Tapi, saya tetap belum mau tidur. Akhirnya, saya bergegas masuk dapur dan mulai mencari-cari kudapan. Selera saya langsung terbit melihat bungkus sup ayam instan. Tidak sampai lima menit, jadilah sup kental yang mengepul panas di dalam mangkuk saya. Kembali saya masuk kamar, dan menikmatinya sambil membaca buku. Sedap.

Beberapa menit kemudian, bersamaan dengan sup ayam yang telah habis, mata saya langsung mengantuk karena kekenyangan. Perasaan saya pun jadi bertambah baik karenanya. Aman. Nyaman. Bahagia. Dan tertidurlah saya dengan pulas sampai pagi menjemput.

Jadi, kadang-kadang, keindahan hadir dengan cara yang terlalu sederhana. Tinggal bagaimana kita mampu merasainya atau tidak. Bayangkan, tengah malam menikmati sup hangat sambil membaca buku. Kegiatan yang biasa-biasa saja yang mungkin sekali luput untuk dihargai. Tapi untunglah, malam itu, keindahan bersedia memberikan isyarat kehadirannya dengan jelas pada saya.

October 10, 2008

HAPPY BIRTHDAY, MOM!

Ibu saya tercinta, adalah Ibu yang begitu lembut hatinya. Terhadap kami anak-anaknya, beliau tidak pernah bisa benar-benar marah. Sedikit saja kami merayunya, beliau sudah langsung luluh dan menyerah.

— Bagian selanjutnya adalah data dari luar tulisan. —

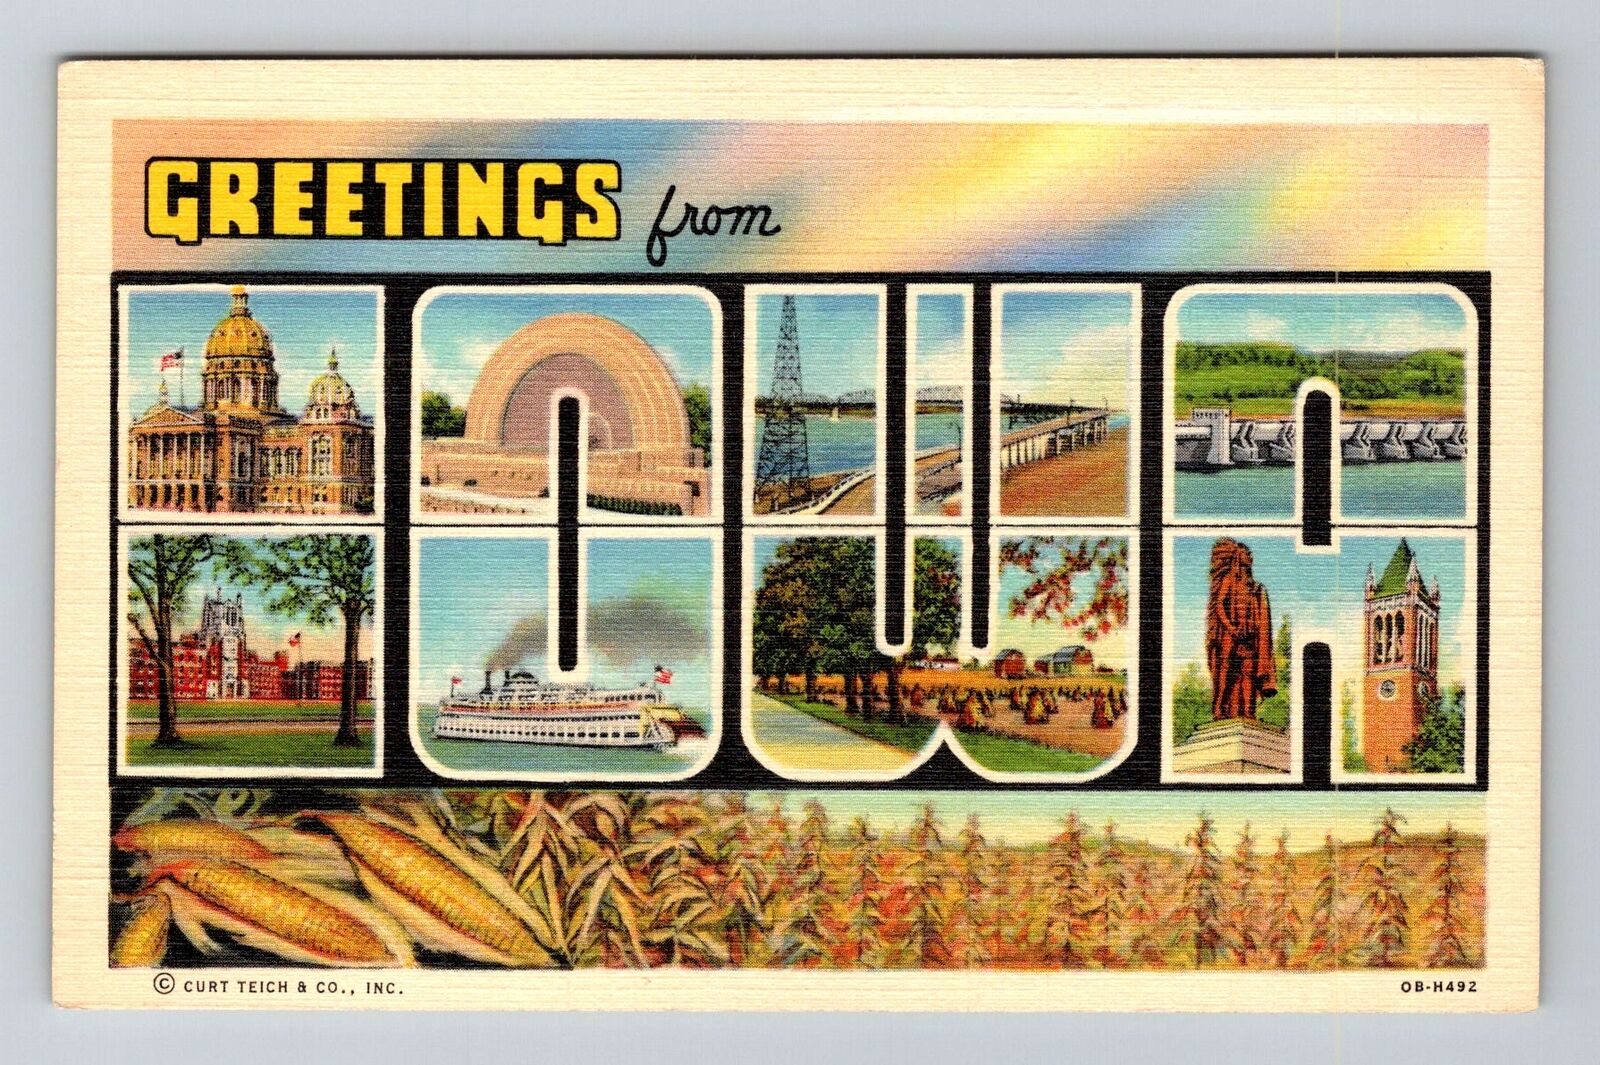 IA-Iowa, General LARGE LETTER Greetings, Corn Fields, Vintage Postcard

Ibu saya tercinta, adalah Ibu yang tidak pernah menuntut apa-apa. Beliau tidak pernah mewajibkan saya untuk jadi juara umum di sekolah. Beliau tidak pernah mewajibkan saya untuk masuk perguruan tinggi negeri. Beliau tidak pernah mewajibkan saya untuk menikah di usia 25. Beliau tidak pernah mewajibkan saya untuk menikahi laki-laki A, atau laki-laki B, atau laki-laki C. Beliau tidak pernah menuntut banyak tentang hal-hal yang bersifat duniawi.

Hanya satu keinginan beliau: melihat saya berjilbab. Keinginan yang tidak pernah dipaksakannya, namun saya tahu benar betapa beliau mengharapkannya.

Hari ini, pada hari ulang tahunnya, diantara segenap doa untuk beliau, saya juga meminta pada Tuhan: semoga suatu hari nanti, entah kapan, saya bisa mewujudkan keinginan beliau. Amin.